Aku bisa merasakan mataku penuh dengan butiran yang bukanlah hujan. Kemudian tanganku yang lain merogoh kantong di sisi yang lain dan mengambil secarik surat lainnya.

Dengan ini dinyatakan positif hamil.

Kemudian butiran-butiran itu membesar dan memenuhi seluruh permukaan mataku, lalu pecah dan membanjiri wajahku.

Andai kata tengah malam tak pernah beranjak.

Andai kata Akagi-san terjaga pada saat tengah malam menjelang.

Aku ingin ia melihat air mataku.

Karena sesungguhnya bulan begitu indahnya, dan aku rela mati karenanya.

+ fin+


Percayalah, saya sendiri cuma bisa melongo tolol waktu dengar lagunya untuk pertama kali. Lirik pertama langsung bir dan kondom dengan nada galau itu memang enggak aci.

Update: Karena ternyata banyak yang gagal paham, ini sebenarnya kisah dua sahabat yang sebenarnya saling jatuh cinta namun lebih memilih untuk membungkam perasaan mereka masing-masing, dengan Kaga yang menunjukkan rasa cintanya lewat perhatian lebih kepada Akagi, dan Akagi yang menunjukkan rasa cintanya lewat sikapnya yang seolah tidak memiliki rasa pada Kaga. Di sini, Akagi melampiaskan perasaannya dengan berpacaran dengan lelaki yang bahkan tidak dia cintai di sekolah mereka, dan memang ia telah memberikan segalanya pada lelaki itu, namun dengan berfantasi bahwa semua itu direnggut Kaga.

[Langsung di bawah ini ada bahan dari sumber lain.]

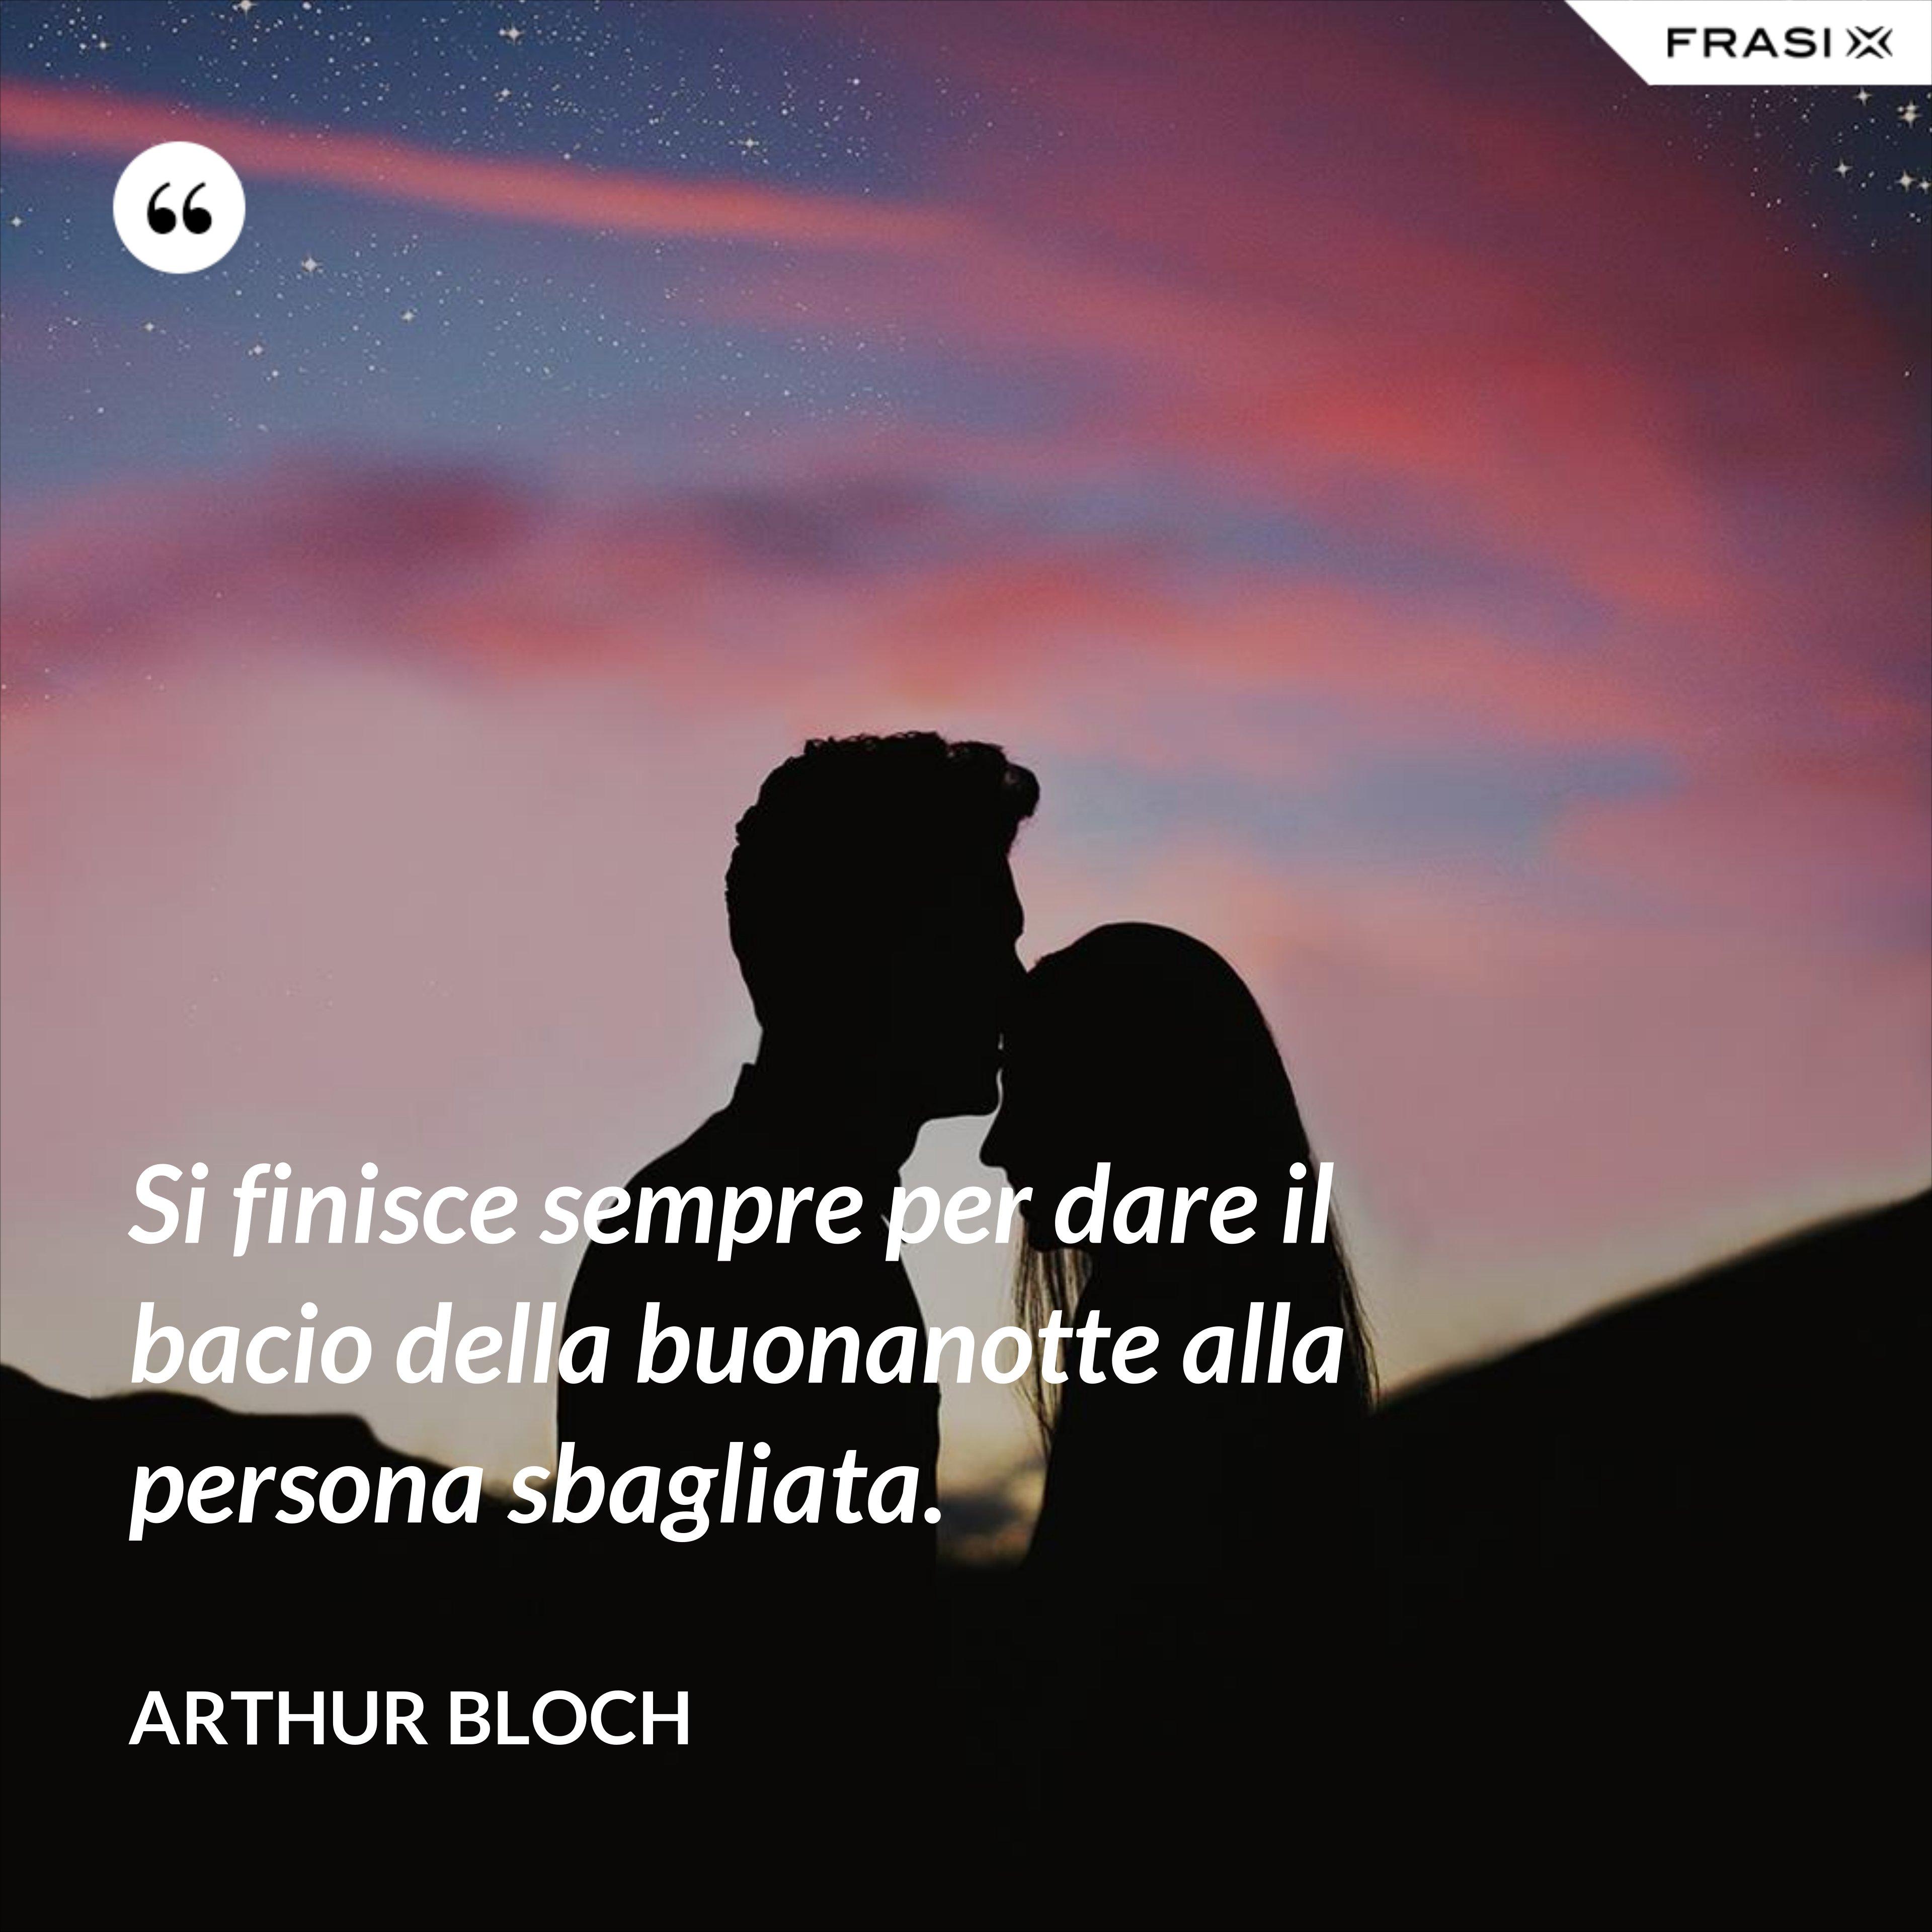 Si finisce sempre per dare il bacio della buonanotte alla persona sbagliata. - Arthur Bloch

Sampai pada akhirnya Akagi hamil dan sadar bahwa semua yang dilakukannya selama ini palsu dan akhirnya memilih untuk menemui Kaga untuk terakhir kalinya karena dia sudah menyerah dengan kehidupan. Malam di mana mereka tidur bersama, sebenarnya Akagi berharap agar Kaga bersikap jujur akan perasaannya, setidaknya untuk mengobati sedikit lukanya, tapi ternyata Kaga masih lebih mengutamakan rasa hormatnya daripada egonya. Pada akhirnya Akagi pun meninggalkan ponsel dan surat keterangan dari rumah sakit atas kehamilannya di kamar Kaga, menyelipkan sepucuk surat pengakuan cinta di buku siswa Kaga, dan pulang sebelum Kaga terbangun. Bunuh diri. Kaga yang terbangun dan menemukan dua benda yang jelas mengejutkan dirinya itu langsung meluncur ke rumah Akagi, namun sayang ia sudah terlambat. Pesan singkat yang ada di ponsel Akagi jelas ditujukan bagi pacarnya yang sudah menghamilinya. Dan kalimat "dengan ini dinyatakan positif hamil" jelas merupakan surat keterangan dari rumah sakit.